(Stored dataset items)
[Start of Attachment]
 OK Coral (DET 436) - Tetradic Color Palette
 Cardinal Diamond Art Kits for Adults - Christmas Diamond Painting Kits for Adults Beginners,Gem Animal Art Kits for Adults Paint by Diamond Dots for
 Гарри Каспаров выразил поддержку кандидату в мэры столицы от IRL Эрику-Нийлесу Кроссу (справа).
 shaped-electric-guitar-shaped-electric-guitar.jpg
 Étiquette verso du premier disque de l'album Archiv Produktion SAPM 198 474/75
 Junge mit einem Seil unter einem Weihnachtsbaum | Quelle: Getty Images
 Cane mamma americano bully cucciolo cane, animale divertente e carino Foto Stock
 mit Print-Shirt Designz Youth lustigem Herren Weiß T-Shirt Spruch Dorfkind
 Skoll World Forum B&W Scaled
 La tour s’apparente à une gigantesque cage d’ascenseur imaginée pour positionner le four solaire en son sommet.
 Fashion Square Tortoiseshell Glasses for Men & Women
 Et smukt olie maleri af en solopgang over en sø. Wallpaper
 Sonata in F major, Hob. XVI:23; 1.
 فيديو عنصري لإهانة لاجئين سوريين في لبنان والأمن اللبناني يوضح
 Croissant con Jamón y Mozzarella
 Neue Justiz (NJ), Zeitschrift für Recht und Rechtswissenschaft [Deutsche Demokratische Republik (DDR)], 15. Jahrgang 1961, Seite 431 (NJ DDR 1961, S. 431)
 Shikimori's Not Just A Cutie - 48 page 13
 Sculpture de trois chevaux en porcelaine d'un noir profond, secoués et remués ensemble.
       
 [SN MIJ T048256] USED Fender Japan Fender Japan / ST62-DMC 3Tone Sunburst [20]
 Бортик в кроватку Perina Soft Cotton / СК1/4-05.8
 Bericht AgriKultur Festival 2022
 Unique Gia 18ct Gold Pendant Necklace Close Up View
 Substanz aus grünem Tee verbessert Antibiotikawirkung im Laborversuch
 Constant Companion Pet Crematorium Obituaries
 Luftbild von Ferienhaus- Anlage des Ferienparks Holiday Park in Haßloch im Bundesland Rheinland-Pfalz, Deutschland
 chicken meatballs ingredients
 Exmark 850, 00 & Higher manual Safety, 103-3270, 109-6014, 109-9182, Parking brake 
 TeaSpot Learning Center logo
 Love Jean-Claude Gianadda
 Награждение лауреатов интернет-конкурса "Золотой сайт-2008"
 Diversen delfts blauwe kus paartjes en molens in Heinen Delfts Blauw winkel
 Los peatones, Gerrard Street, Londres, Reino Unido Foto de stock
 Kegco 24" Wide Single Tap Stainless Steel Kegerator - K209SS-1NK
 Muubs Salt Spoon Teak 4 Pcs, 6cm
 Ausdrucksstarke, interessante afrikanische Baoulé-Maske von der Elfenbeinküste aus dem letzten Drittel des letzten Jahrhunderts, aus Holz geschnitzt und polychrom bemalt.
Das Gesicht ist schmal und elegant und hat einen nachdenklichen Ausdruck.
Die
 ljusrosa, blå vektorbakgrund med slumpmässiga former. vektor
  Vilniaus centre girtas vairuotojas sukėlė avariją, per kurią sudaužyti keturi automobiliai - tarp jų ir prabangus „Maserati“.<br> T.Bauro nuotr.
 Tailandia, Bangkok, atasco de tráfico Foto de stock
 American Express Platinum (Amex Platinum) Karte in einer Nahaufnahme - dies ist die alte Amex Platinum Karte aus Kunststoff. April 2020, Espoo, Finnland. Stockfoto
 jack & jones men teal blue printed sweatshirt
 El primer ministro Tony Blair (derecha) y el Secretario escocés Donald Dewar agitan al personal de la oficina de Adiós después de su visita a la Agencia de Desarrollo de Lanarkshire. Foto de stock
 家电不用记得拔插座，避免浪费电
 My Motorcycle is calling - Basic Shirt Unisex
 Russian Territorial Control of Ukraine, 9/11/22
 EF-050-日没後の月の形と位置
[End of Attachment]
## What you need to do
Exactly the lines from the one containing "[SN MIJ T048256]" through the end of the records should be reproduced, and no others.

## Your solution
 [SN MIJ T048256] USED Fender Japan Fender Japan / ST62-DMC 3Tone Sunburst [20]
 Бортик в кроватку Perina Soft Cotton / СК1/4-05.8
 Bericht AgriKultur Festival 2022
 Unique Gia 18ct Gold Pendant Necklace Close Up View
 Substanz aus grünem Tee verbessert Antibiotikawirkung im Laborversuch
 Constant Companion Pet Crematorium Obituaries
 Luftbild von Ferienhaus- Anlage des Ferienparks Holiday Park in Haßloch im Bundesland Rheinland-Pfalz, Deutschland
 chicken meatballs ingredients
 Exmark 850, 00 & Higher manual Safety, 103-3270, 109-6014, 109-9182, Parking brake 
 TeaSpot Learning Center logo
 Love Jean-Claude Gianadda
 Награждение лауреатов интернет-конкурса "Золотой сайт-2008"
 Diversen delfts blauwe kus paartjes en molens in Heinen Delfts Blauw winkel
 Los peatones, Gerrard Street, Londres, Reino Unido Foto de stock
 Kegco 24" Wide Single Tap Stainless Steel Kegerator - K209SS-1NK
 Muubs Salt Spoon Teak 4 Pcs, 6cm
 Ausdrucksstarke, interessante afrikanische Baoulé-Maske von der Elfenbeinküste aus dem letzten Drittel des letzten Jahrhunderts, aus Holz geschnitzt und polychrom bemalt.
Das Gesicht ist schmal und elegant und hat einen nachdenklichen Ausdruck.
Die
 ljusrosa, blå vektorbakgrund med slumpmässiga former. vektor
  Vilniaus centre girtas vairuotojas sukėlė avariją, per kurią sudaužyti keturi automobiliai - tarp jų ir prabangus „Maserati“.<br> T.Bauro nuotr.
 Tailandia, Bangkok, atasco de tráfico Foto de stock
 American Express Platinum (Amex Platinum) Karte in einer Nahaufnahme - dies ist die alte Amex Platinum Karte aus Kunststoff. April 2020, Espoo, Finnland. Stockfoto
 jack & jones men teal blue printed sweatshirt
 El primer ministro Tony Blair (derecha) y el Secretario escocés Donald Dewar agitan al personal de la oficina de Adiós después de su visita a la Agencia de Desarrollo de Lanarkshire. Foto de stock
 家电不用记得拔插座，避免浪费电
 My Motorcycle is calling - Basic Shirt Unisex
 Russian Territorial Control of Ukraine, 9/11/22
 EF-050-日没後の月の形と位置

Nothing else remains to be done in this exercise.